Выключив фонарь, Сенфорд решил, что снова включит его через минуту-другую, а если обнаружит приближение ч у ж о г о, повернет рефлектором к себе, чтобы осветить свое лицо и правую руку, пустую ладонь, при этом он будет улыбаться и держать руку с растопыренными пальцами, давая понять, что он пришел сюда с дружескими намерениями, что у него нет оружия. Хотя, конечно, следовало бы его убить, когда б была уверенность, что это удастся сделать без новых жертв. Новой жертвой, разумеется, может стать и он, Сенфорд, но жертвой, которая не оставит других безоружными. Гибель же вооруженного означала бы скорую гибель всех. Словом, так: если он добьется с ч у ж и м мира, это будет несомненная победа; если же он погибнет, то это будет лишь потеря, а не поражение.
— Ты прав, Мэттью, — похвалил он себя. — Ты молодец, — хотя в душе все равно считал себя, как и прежде, болваном.

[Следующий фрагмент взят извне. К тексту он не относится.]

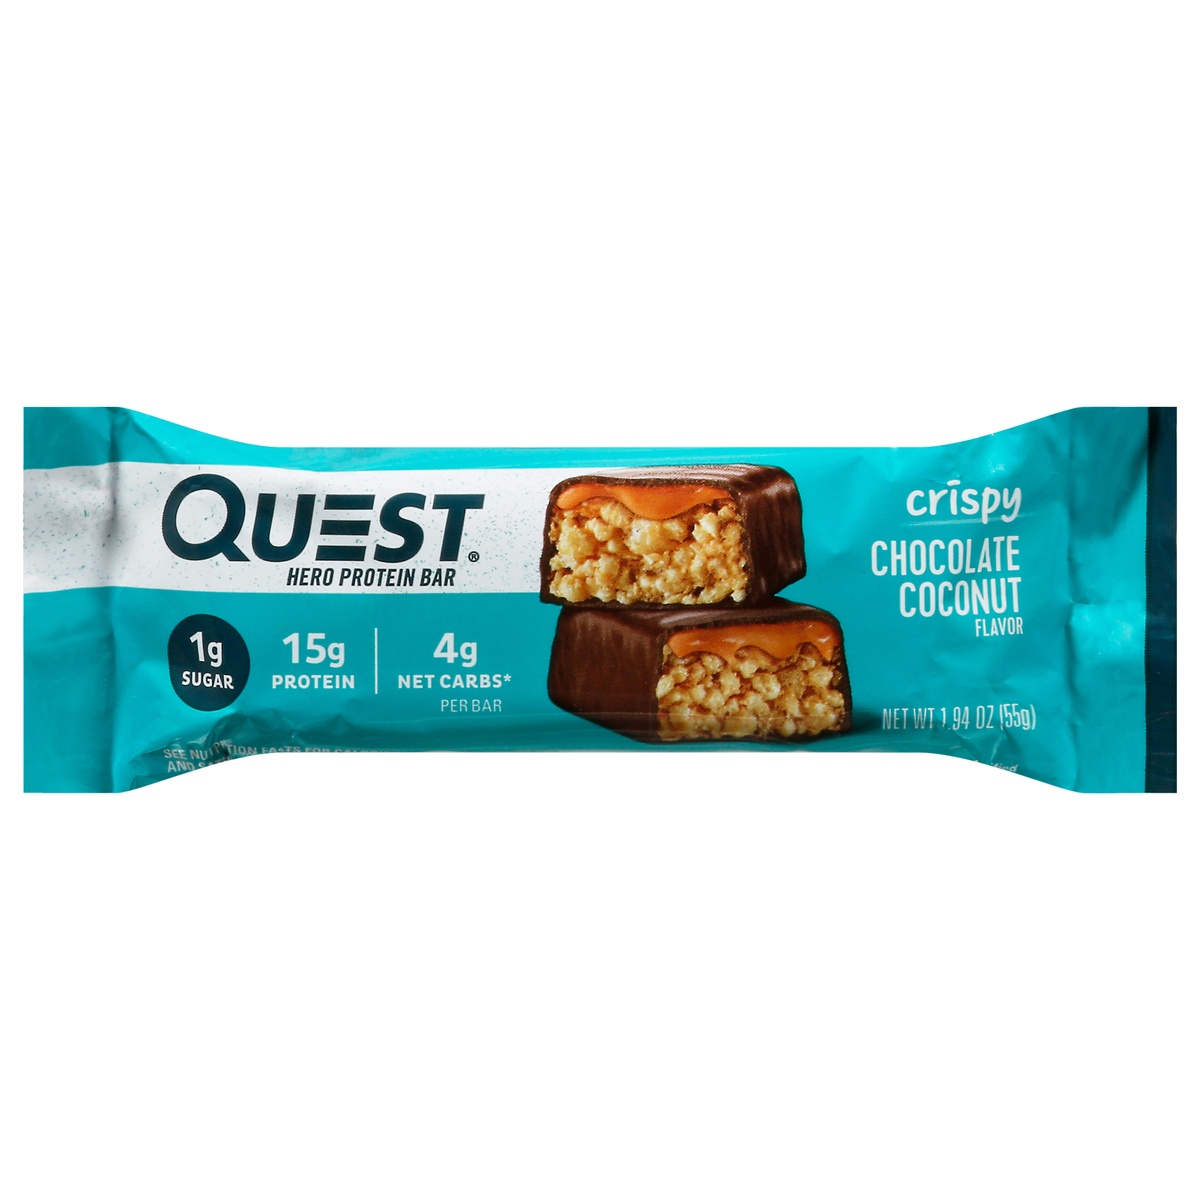 Quest Crispy Chocolate Coconut Flavor Hero Protein Bar 1.94 oz 1.94 oz ...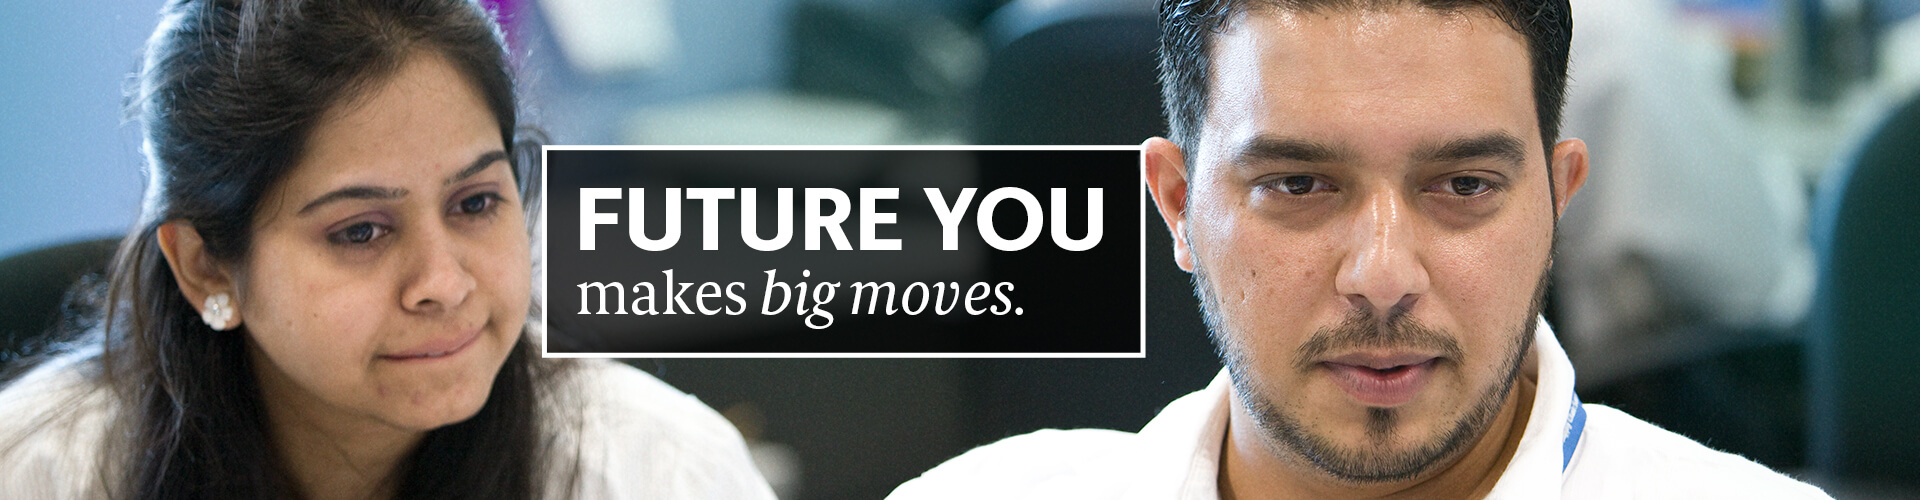 FUTURE YOU makes big moves.

О том, что произошло там, за пределами черной башни, думалось постоянно. Кажется, даже во сне. Да и сна теперь не было — был лишь тягучий, с провалами, кошмар: мысль и воображение пускались во все тяжкие, чего только не преподносили то возбужденной надеждой, то подавленной отчаянием душе. Особенно жестоким становилось воображение в полусне: все самое родное, самое дорогое подвергалось в рисуемых им картинах ужасному уничтожению… Но и пробуждение почти не спасало от страданий: мысль о глобальной катастрофе раздирала на части обезумевшую душу. Есть ли теперь кто-то в космосе? Если есть, он видит Землю не голубой, а черной… Собственная участь тоже пугала, хотя в сравнении с участью всех была лишь частным случаем. Радиация — не роса и не снег, не высохнет, не растает под солнцем. Ее затухания надо ждать не день, и не два, и даже не год. А ждать невозможно, а помощи не будет. Отравленная пустыня навсегда заперла их в черной башне. Конец их предрешен, если только не чудо…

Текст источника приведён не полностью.